The solution is a canonical signature hash. When a sig is processed, a normalized hash is computed based on its field values, not its name. Sigs that share the same hash get grouped into a Permutation, which acts as the canonical version of that instruction.

// Sig model stores the canonical hash
canonicalSigHash  String?  @db.VarChar(64)
permutationId     String?

// Permutation is the normalized, deduplicated form
model Permutation {
  id          String   @id @default(cuid())
  name        String   @unique
  fieldValues Json
  sigs        Sig[]
}

The permutations page gives a full view of every canonical instruction, how many sigs map to it, and what those individual sigs look like. This turned "how many ways are we writing this instruction?" from an unanswerable question into a searchable dashboard.


AI Validation

After sigs are approved, the work isn't over. There's still the question of whether they're actually correct. That's where the AI validation layer comes in, built using BAML (Boundary AI Markup Language).

BAML lets you define typed AI function signatures, which means the AI output is structured and predictable rather than freeform text. Three main AI capabilities power SmartSIG:

ValidateSigBatch runs over approved sigs in batches, checking each one for clinical accuracy, safety issues flagged as critical/warning/info, confidence level, and whether it requires pharmacist review.

AnalyzeUnapprovedSig gives a deep analysis of a specific sig before it's approved, surfacing potential issues early.

AskValidationQuestion / AskAnalysisQuestion are conversational interfaces that let pharmacists ask follow-up questions about validation results, with streaming responses in real time.


Audit Trail and History

Every action in SmartSIG is logged. When a pharmacist changes a field, approves a sig, or skips one, an Action record is created with a full diff of what changed and who made the change.

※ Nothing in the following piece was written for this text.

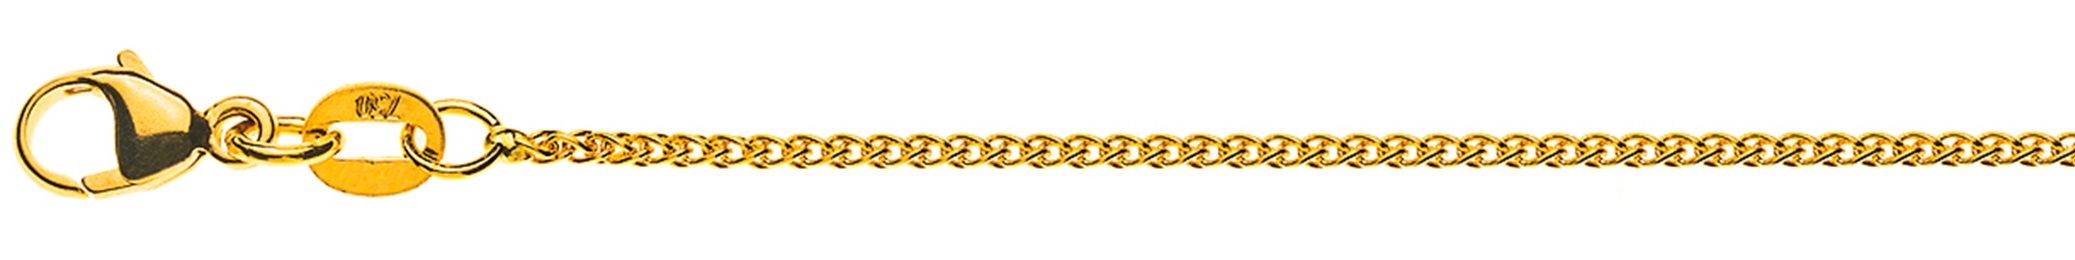 AURONOS Élégance Necklace yellow gold 14K cable chain 42cm 1.2mm

This data surfaces in two places: inline on the manual review page as a history dropdown on each sig, and on a dedicated history page with sorting. Nothing gets lost, and nothing happens without accountability.


Admin Dashboard

The admin side handles the operational layer: spreadsheet import with normalization and deduplication on upload, a fields configuration panel where admins manage valid options and SNOMED codes, user management with role assignment and approval, and a key-value config system for app-wide settings.


Tech Stack

  • Next.js (App Router): server actions, streaming, file-based routing
  • tRPC: end-to-end type-safe API
  • Prisma + PostgreSQL: strongly typed ORM with a well-indexed schema
  • BAML: typed AI function definitions for structured LLM output
  • NextAuth + OTP: email-based passwordless authentication
  • Vite + React: preprocessing tool for Epic EHR data
  • Sentry: error monitoring
  • GitHub Actions: automated daily database backups
  • Playwright: end-to-end testing for the sig review workflow

The Impact

The owner went from spending several hours every week manually reviewing and approving sigs, to having his team work through a structured queue. With AI validation as a safety net and a permutations engine ensuring consistency across the board.

The preprocessing tool means that every time a new healthcare facility's data comes in, new sig patterns get discovered, parsed, and fed into the review queue automatically instead of requiring manual data entry.

SmartSIG is still in active development, with AI autocomplete during review, advanced filtering, and export features on the roadmap. But even in its current state, it turned a time-consuming manual process into something manageable, trackable, and significantly more reliable.